In a good illustration of just how thick people who are intellectually gifted can be, the well-known biologist and militant atheist Richard Dawkins recently offered his opinion that Down syndrome children would best be prevented from being born. “It would be immoral,” he wrote, “to bring it into the world if you have the choice.”
“It”?
The dehumanization says it all.
Professor Dawkins’ judgment of birthing a developmentally disabled child as “immoral” stems from his belief (shared by another famously mindless professor, Peter Singer, who also advocates euthanasia for severely handicapped infants and elderly) that an act’s morality should be gauged entirely by whether or not it increases happiness or suffering.
Mr. Dawkins’ comment drew considerable fire, as well it should have. Some of those who assailed the professor for his – let’s here reclaim an important adjective – immoral stance focused on the factual error of his creepy calculus. Two psychology researchers wrote, for example, in something of an understatement, that “individuals with Down syndrome can experience more happiness and potential for success than Mr. Dawkins seems to appreciate.”
In fact, 99% of respondents to a survey of those with Down syndrome (yes, 99%) report that they are happy with their lives. Moreover, 88% of older siblings of people with Down syndrome reported feeling that they are better people for the fact.
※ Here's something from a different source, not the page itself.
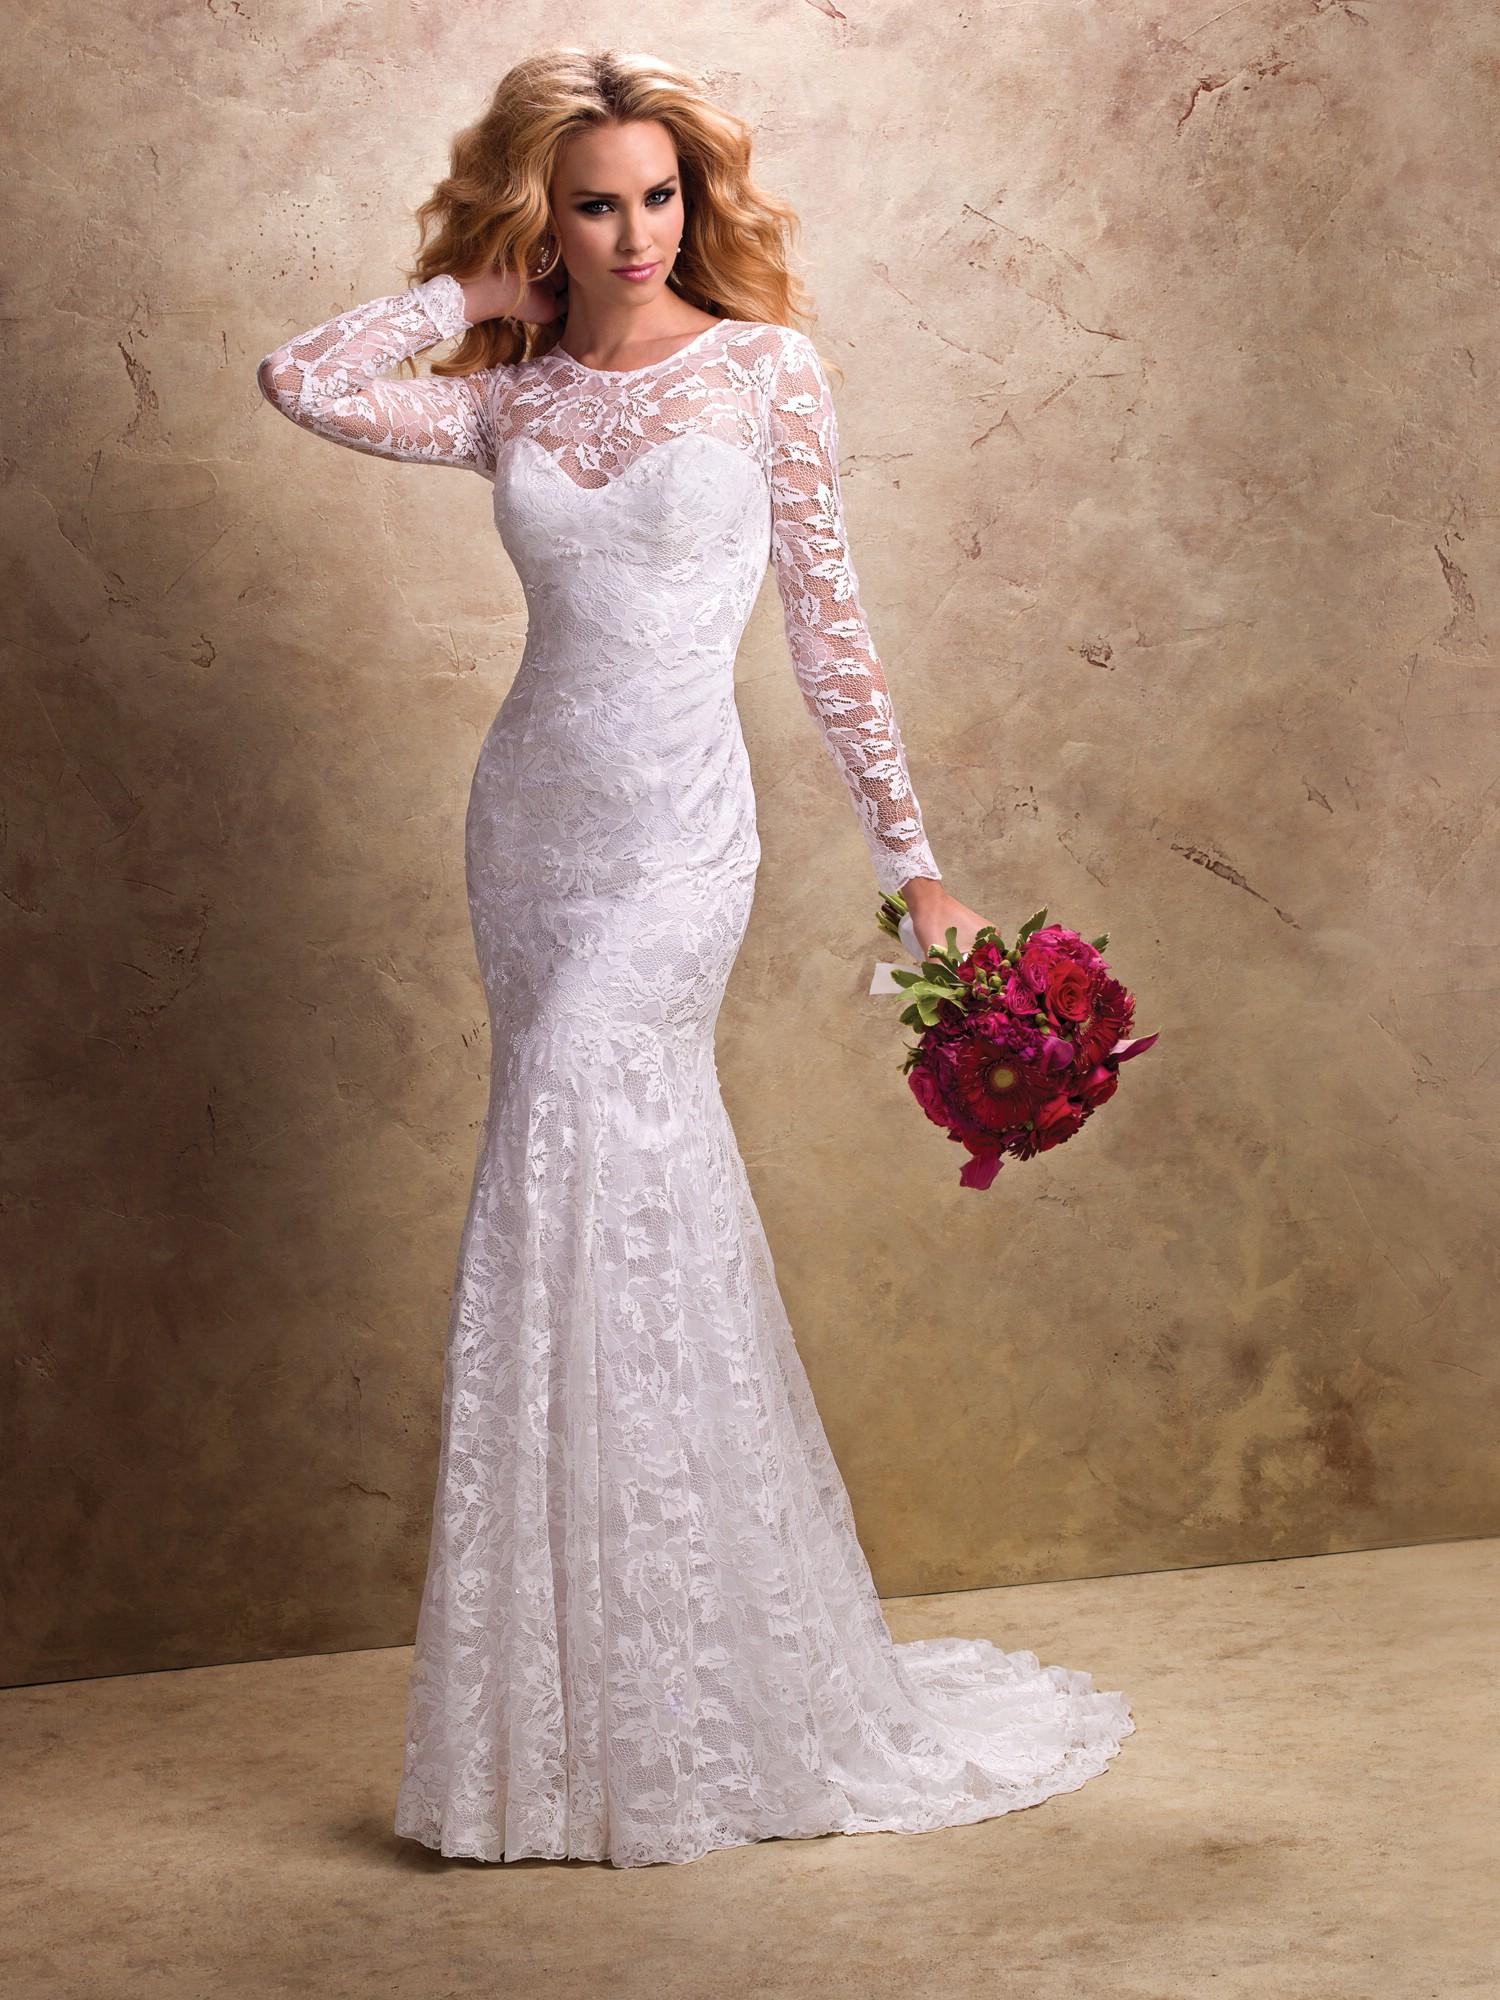 top ten wedding dresses best wedding dresses Runway Fashion Top 10 Wedding Dress Trends The best wedding dress trends See our top 10 wedding dress trends on TheKnot com

Then there were those who addressed Mr. Dawkins not with statistics but with experience. Like Sarah Palin, whose son has Down syndrome, and who generously offered to “let you meet my son if you promise to open your mind, your eyes, and your heart to a unique kind of absolute beauty.”
There is no question that families raising Down syndrome children face many challenges, medical, emotional, educational and societal. But anyone who has embraced that privilege – and anyone, for that matter, who has experienced the delight of interacting with Down children or adults, whose guileless and endearing personalities can be overwhelming – understand how much more perceptive the much-maligned Mrs. Palin is than the much-celebrated Mr. Dawkins.
Truth be told, though, offering statistics or personal experience about the wonder and beauty of Down children is really beside the point – the most important point, that is, namely, the inherent folly of the Dawkinsian understanding of happiness.
Those of us who are naturally happy are very fortunate. And all of us are indeed to aim at serving Hashem with happiness (Tehillim, 100:2). But happiness is not tethered to tranquil or easy lives; many people who face adversities unimaginable to those of us who live relatively comfortable, untroubled lives are nevertheless happy.
Edifying is the famous story of Reb Zusha of Hanipoli, the impoverished, long-suffering but joyful Chassid who, according to the famous story, received two esteemed guests at his dilapidated home. They told him that they had asked the Maggid of Mezeritch how one can bless Hashem as the Mishnah (Berachos 54a) directs, “for the bad just as for the good,” and that the Maggid had sent them to him.
Puzzled, he responded: “How would I know? He should have sent you to someone who has experienced suffering.”
Happiness doesn’t happen; it is achieved. And its achievement is not tied to ease or fun or lack of adversity. It results from recognizing that life, ultimately, is about meaning. True meaning, that is, not some imagined or invented meaning. Life’s meaning that comes from serving the Divine. That concept may be imponderable to atheists like Richard Dawkins or Peter Singer. But it is the reason for human existence, for the bestowal of free will on the subset of creation we call men and women.
Down syndrome, as it happens and as we should always remember, is hardly the only condition “out there.” There are other disabilities as well, some or all of whose sufferers Messrs. Dawkins and Singer may consider unworthy of the world as well. Only they’re not.
Consider, for example, those who have “23 Chromosome Pair Syndrome,” which is invariably fatal. Sufferers are susceptible to a host of maladies, including heart disease, high blood pressure, asthma and numerous forms of cancer, and are likely to suffer bouts of mild or more serious depression over the course of their lives.
They are also prone to headaches, nosebleeds, painful joints and broken bones. And, at some point, they can become so disabled that they require others to care for them.
The syndrome happens to be quite common.
Indeed, it’s ubiquitous.
It’s what we call “normal” human life.